Action item:
Please repeat, from the entries that follow, the lines from the one containing "The Weeknd, bastante" through the one containing "Çocuklarda Zeka ve" exactly, adding nothing.

Provided material:

------------------------------------------------------------------------

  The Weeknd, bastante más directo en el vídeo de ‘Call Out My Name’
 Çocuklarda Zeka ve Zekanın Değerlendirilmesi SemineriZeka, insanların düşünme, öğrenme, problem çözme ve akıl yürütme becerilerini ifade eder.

------------------------------------------------------------------------

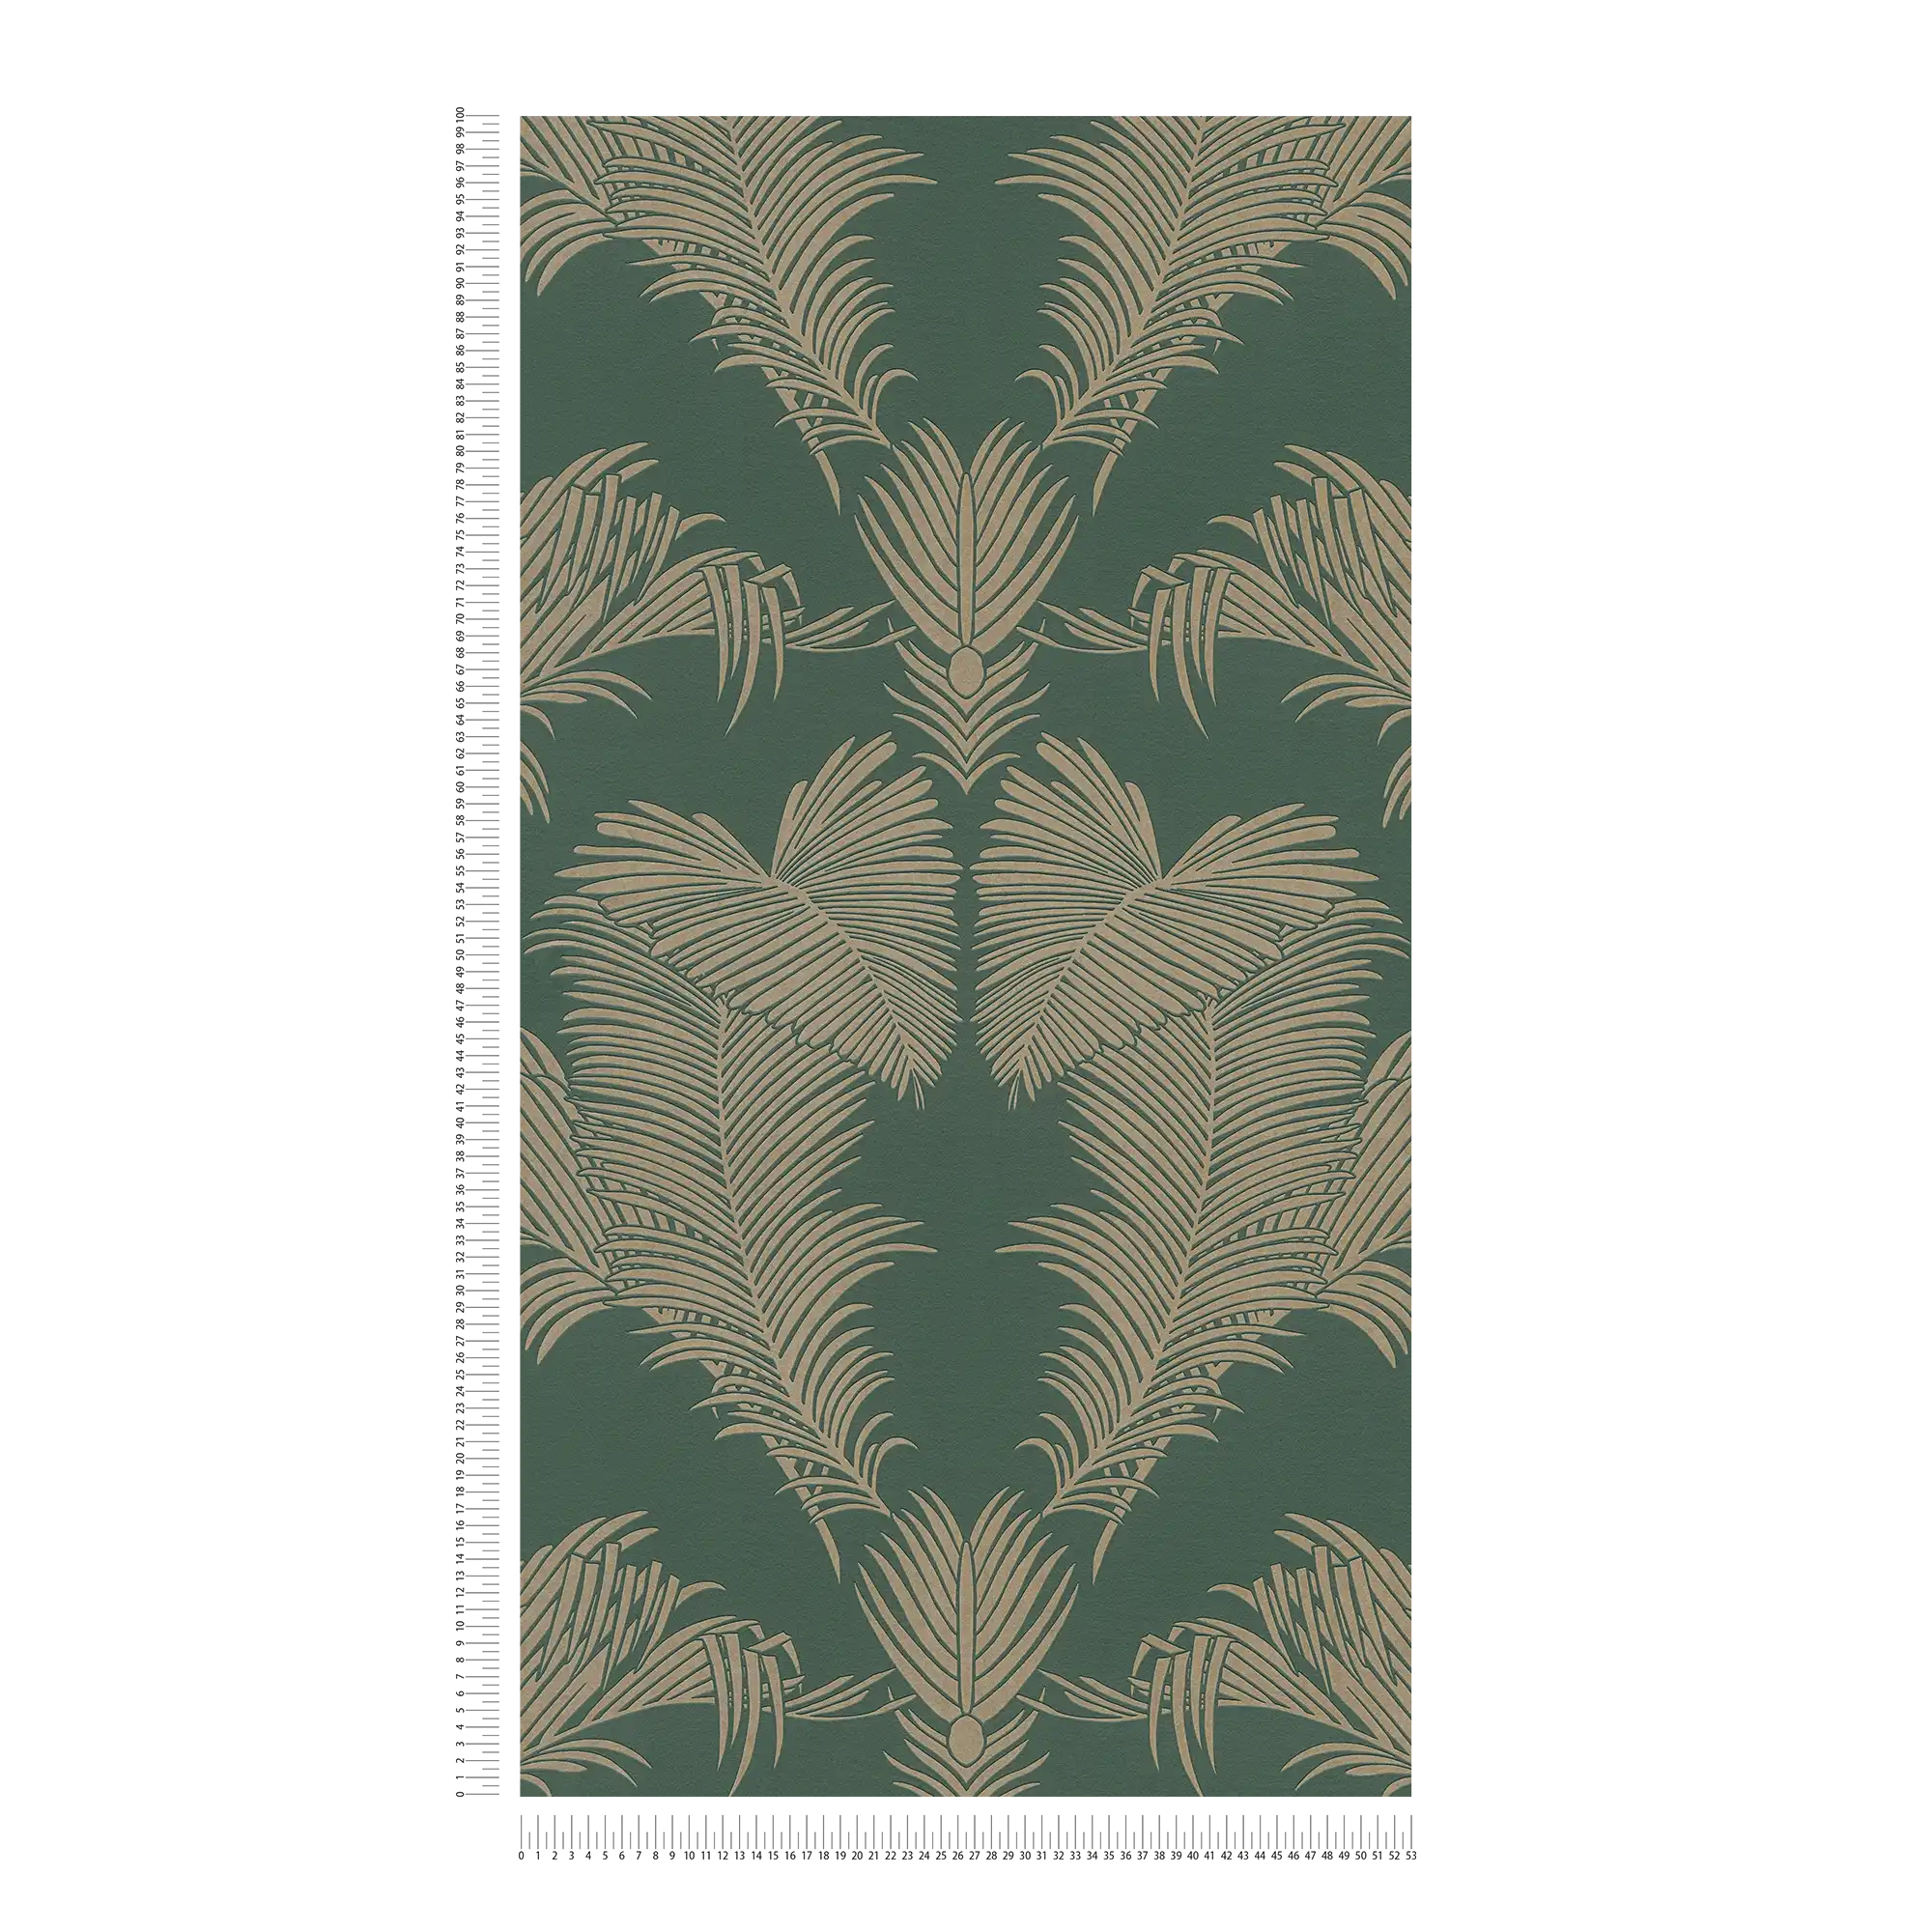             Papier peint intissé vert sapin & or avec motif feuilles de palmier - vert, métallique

------------------------------------------------------------------------

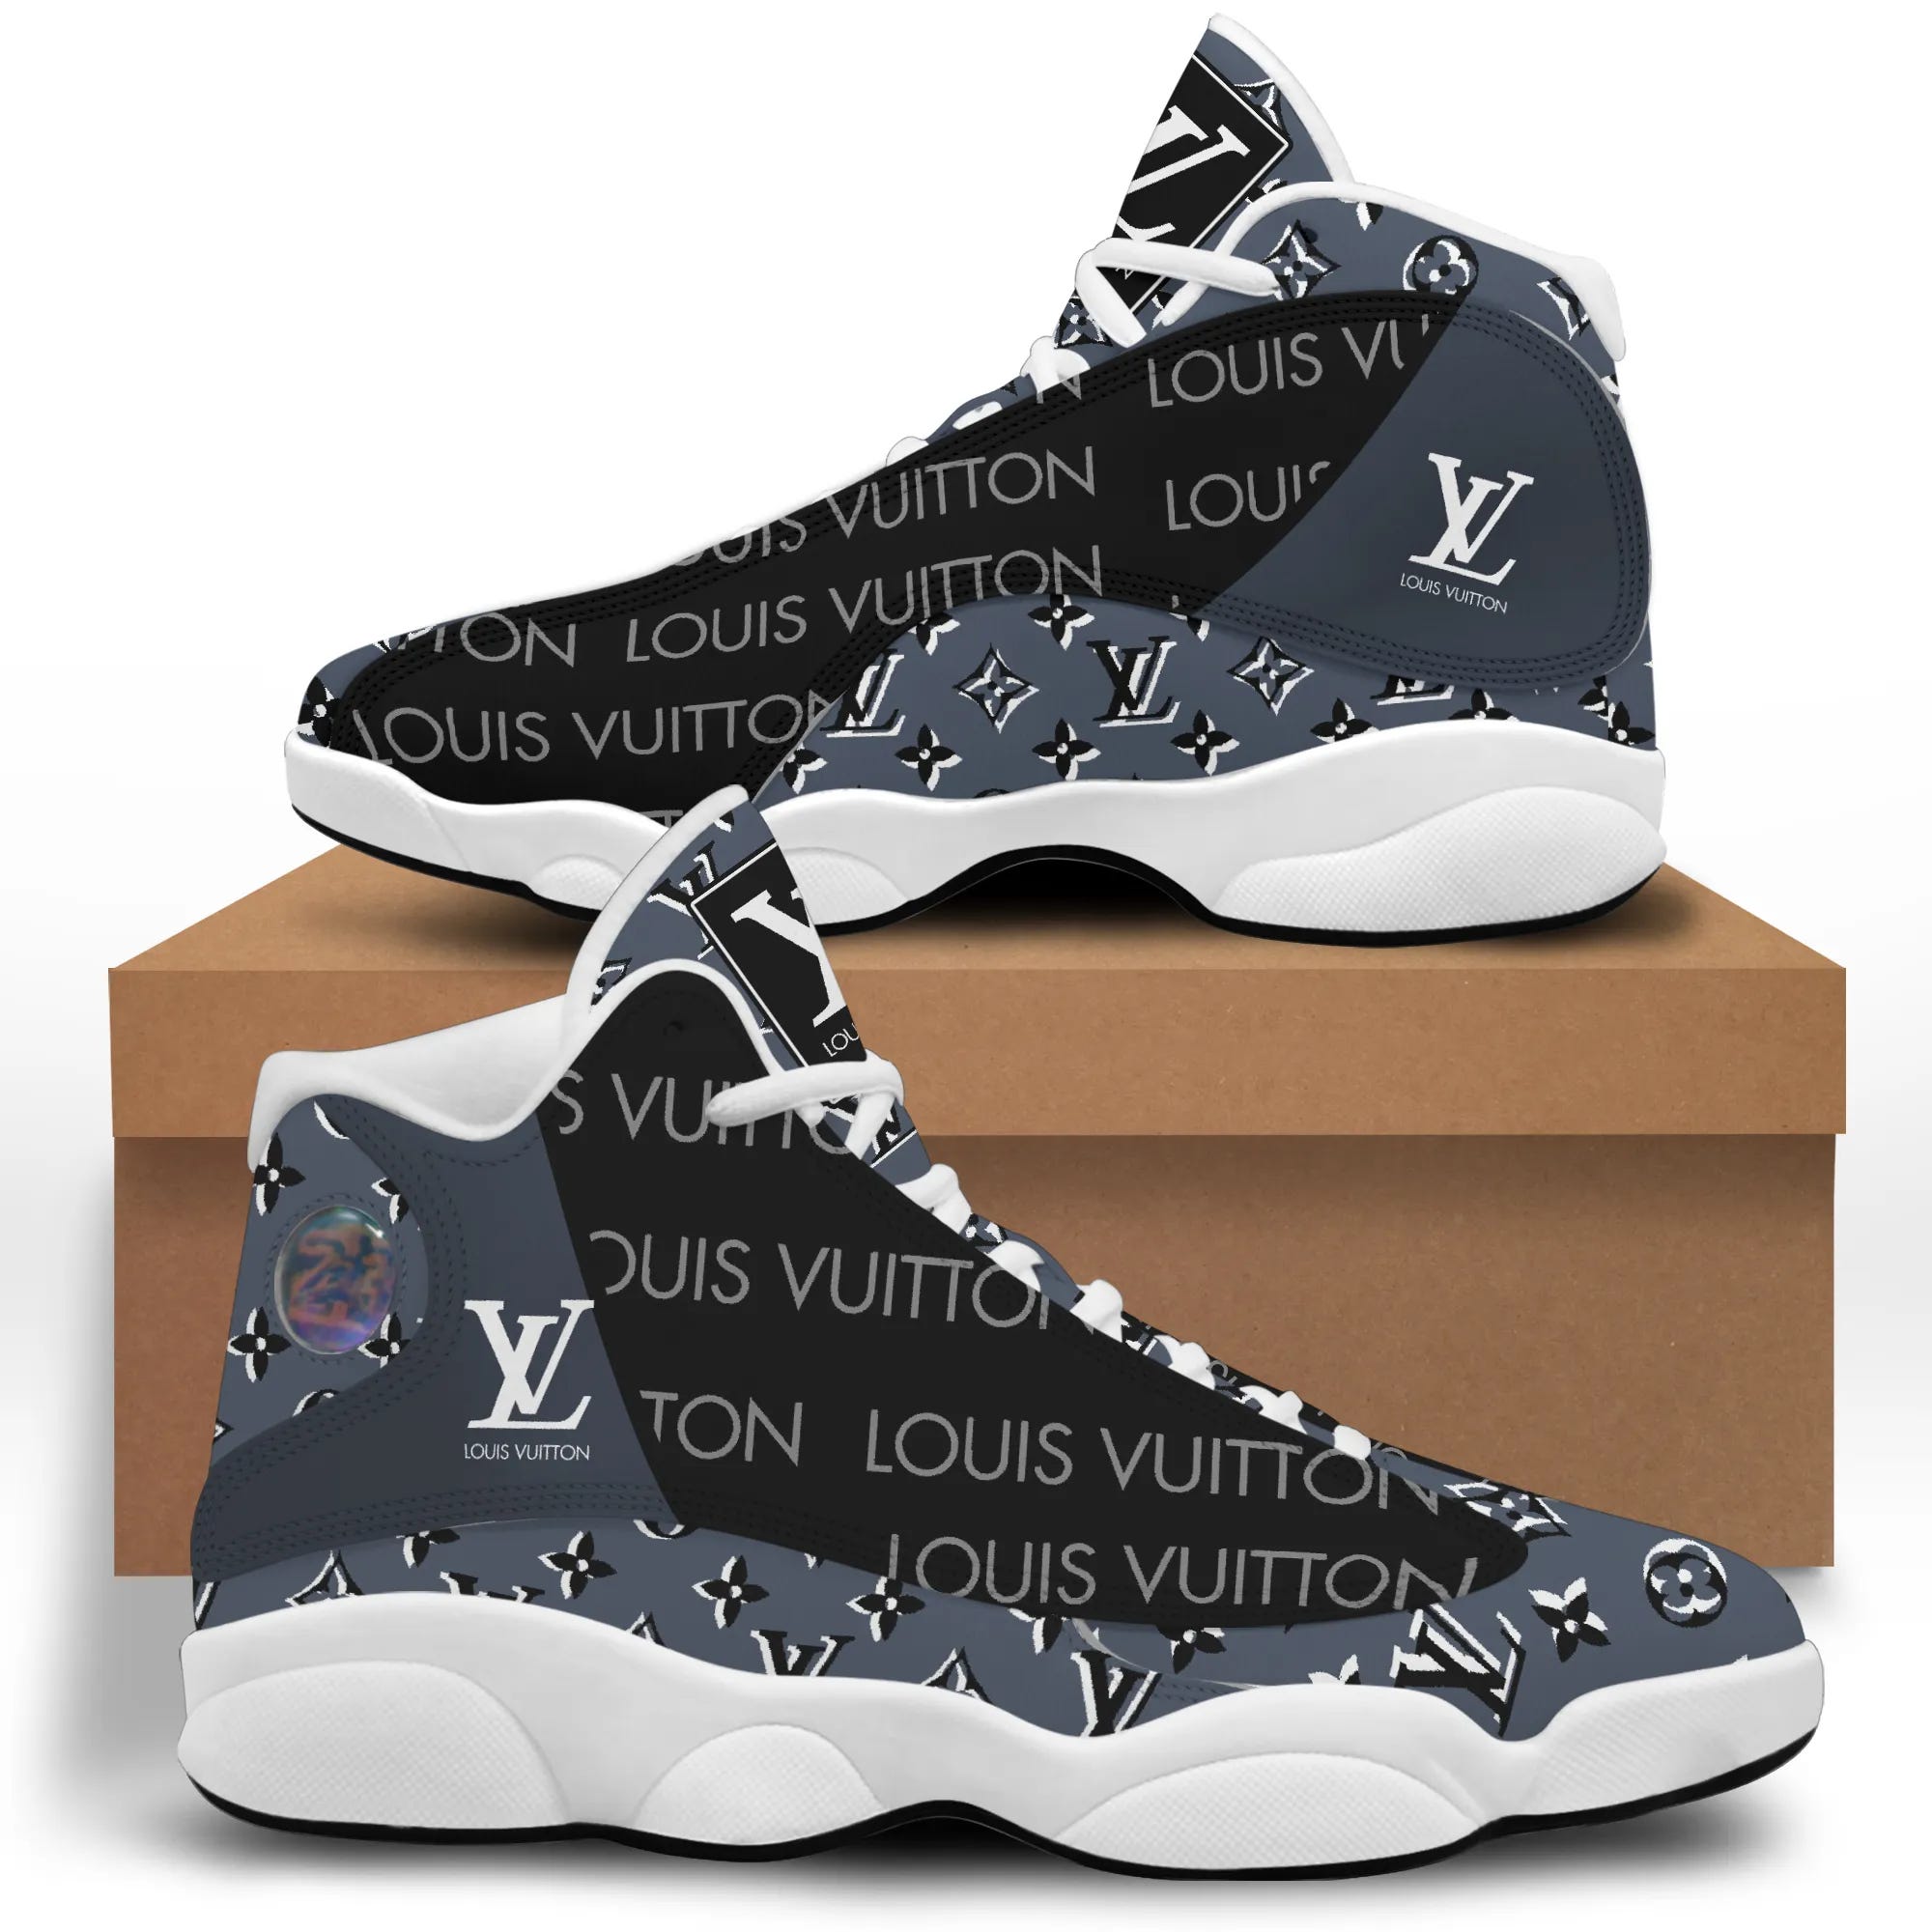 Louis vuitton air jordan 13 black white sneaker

------------------------------------------------------------------------

Response to this task:
  The Weeknd, bastante más directo en el vídeo de ‘Call Out My Name’
 Çocuklarda Zeka ve Zekanın Değerlendirilmesi SemineriZeka, insanların düşünme, öğrenme, problem çözme ve akıl yürütme becerilerini ifade eder.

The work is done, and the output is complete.